В комнате Мефодий сразу столкнулся с Эдей Хавроном. Философ свободного духа, раздобревший и обросший хемингуэевской бородой, стоял у окна и, поглаживая себя по животику, разглядывал похожий на зубную коронку комплекс «Башня», который отсюда, с верхнего этажа, был виден просто отлично.
– Какое уродство! – сказал он племяннику так запросто, будто в последний раз они виделись минуты три назад. – С какого дуба нужно рухнуть, чтобы называть дом «Вавилонская башня»? Неудивительно, что строителям мерещатся всякие ужасы!
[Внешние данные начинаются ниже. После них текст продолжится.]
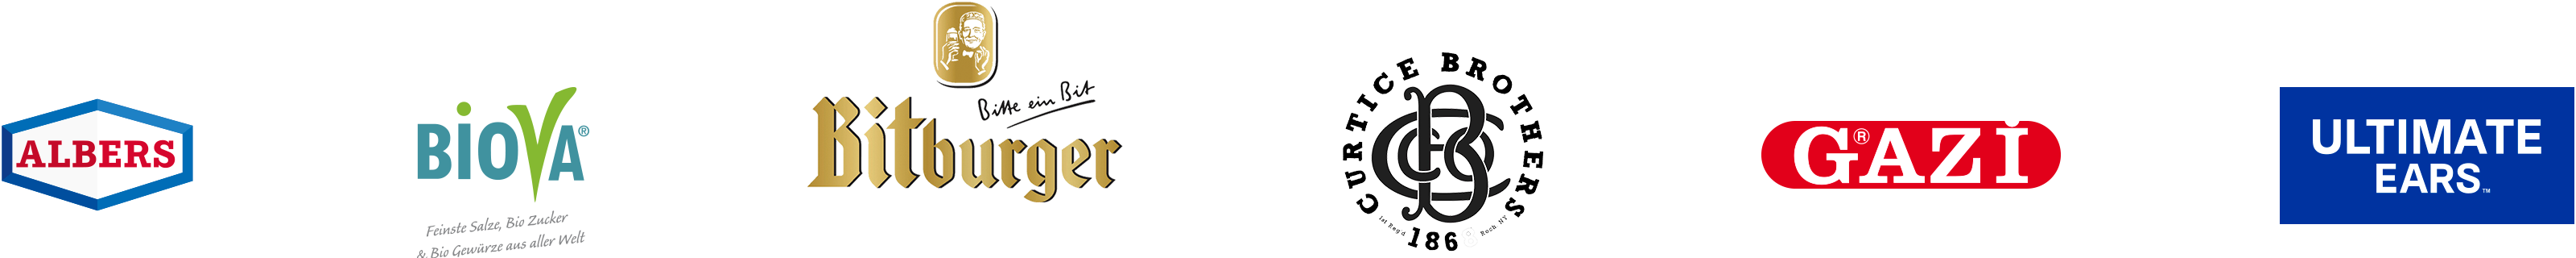 Weber Homeevents Partner Logos Desktop 1

– Какие ужасы? – спросил Мефодий.
– У меня приятель там крановщиком. Говорит, неделю не могут найти бригаду, которая согласилась бы спуститься на подземную парковку. На верхние этажи – пожалуйста! А на парковку даже за двойную плату никто не идет, хотя там ни сквозняков, ни шквального ветра!
– Почему?
– А кто его знает? Не могут, и все. Я тут звено чисто передаточное! Услышал новость – донес!
Эдя повернулся, и долетевший с его плеча новый, кряхтящий звук отвлек Мефодия от расспросов. На плече у Хаврона, свисая вниз головой, болтался его сын Рюрик. Папа Игорь и прилетевшая из кухни Зозо приседали, чтобы посмотреть на ребенка снизу.
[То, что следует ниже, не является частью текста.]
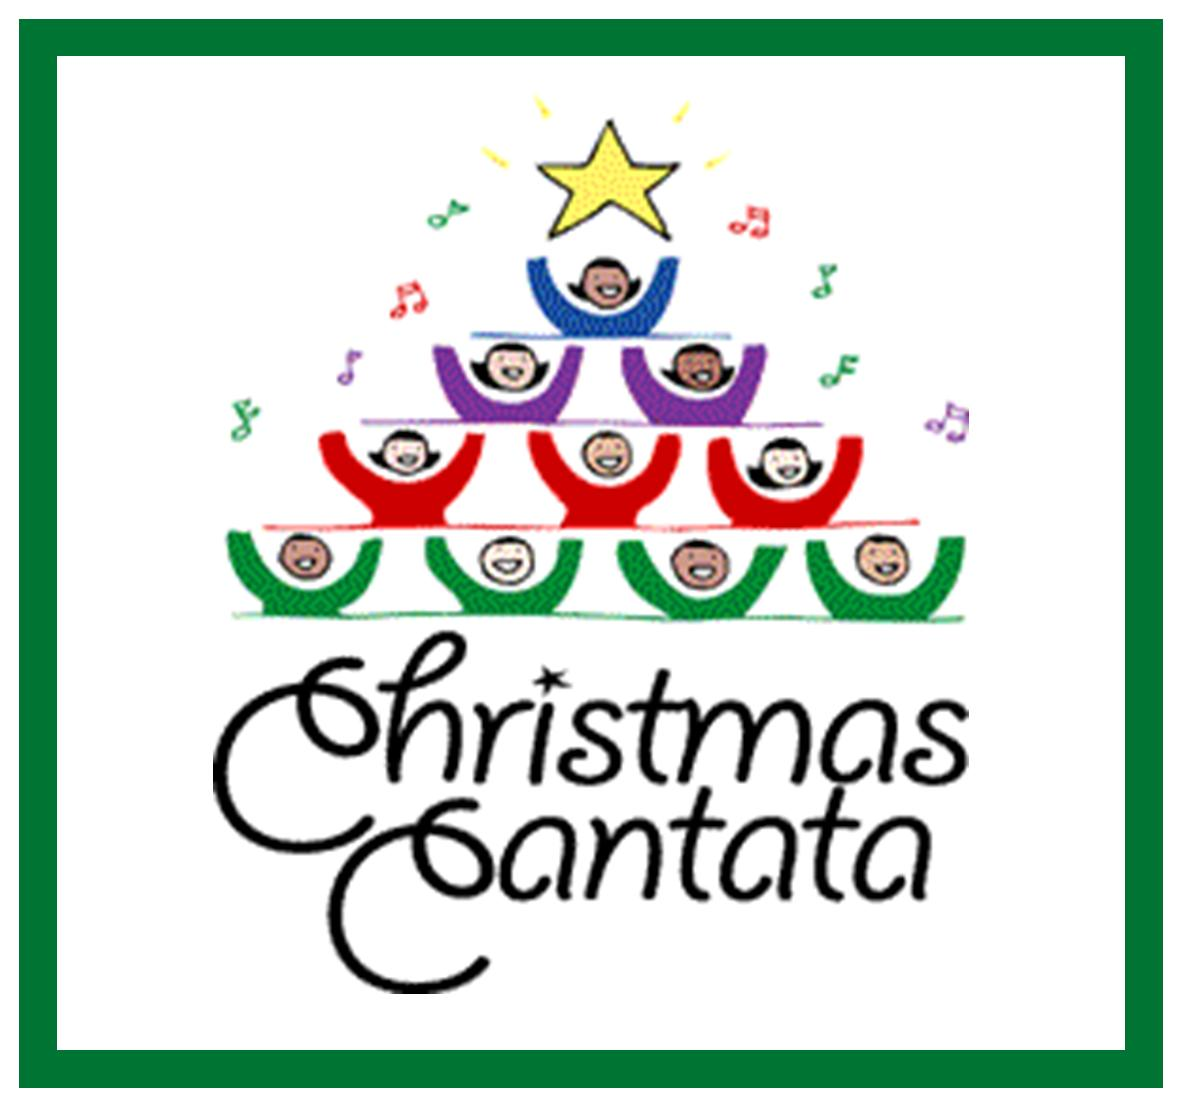 1182x1107 Christmas Cantata 2013 Park Presbyterian Church

– Ужасно похож на маленького Мефочку! Такой же тощенький, но с жирненькой шейкой! В складочки на его шейке всегда стекало молочко! – щебетала Зозо.
– Нормальный малыш! Оставить можно! – соглашался профессиональный отец папа Игорь.
Из кухни с бутылочкой подогретого питания примчалась жена Эди. На лице у Ани было выражение деловитого материнства.
– Ты держишь ребенка головой вниз! – строго сказала она мужу.
– А как еще? В другом положении он протекает! – стал оправдываться Эдя.
Аня отобрала у мужа младенца.
– Это твой, между прочим, сын! – сказала она с укором.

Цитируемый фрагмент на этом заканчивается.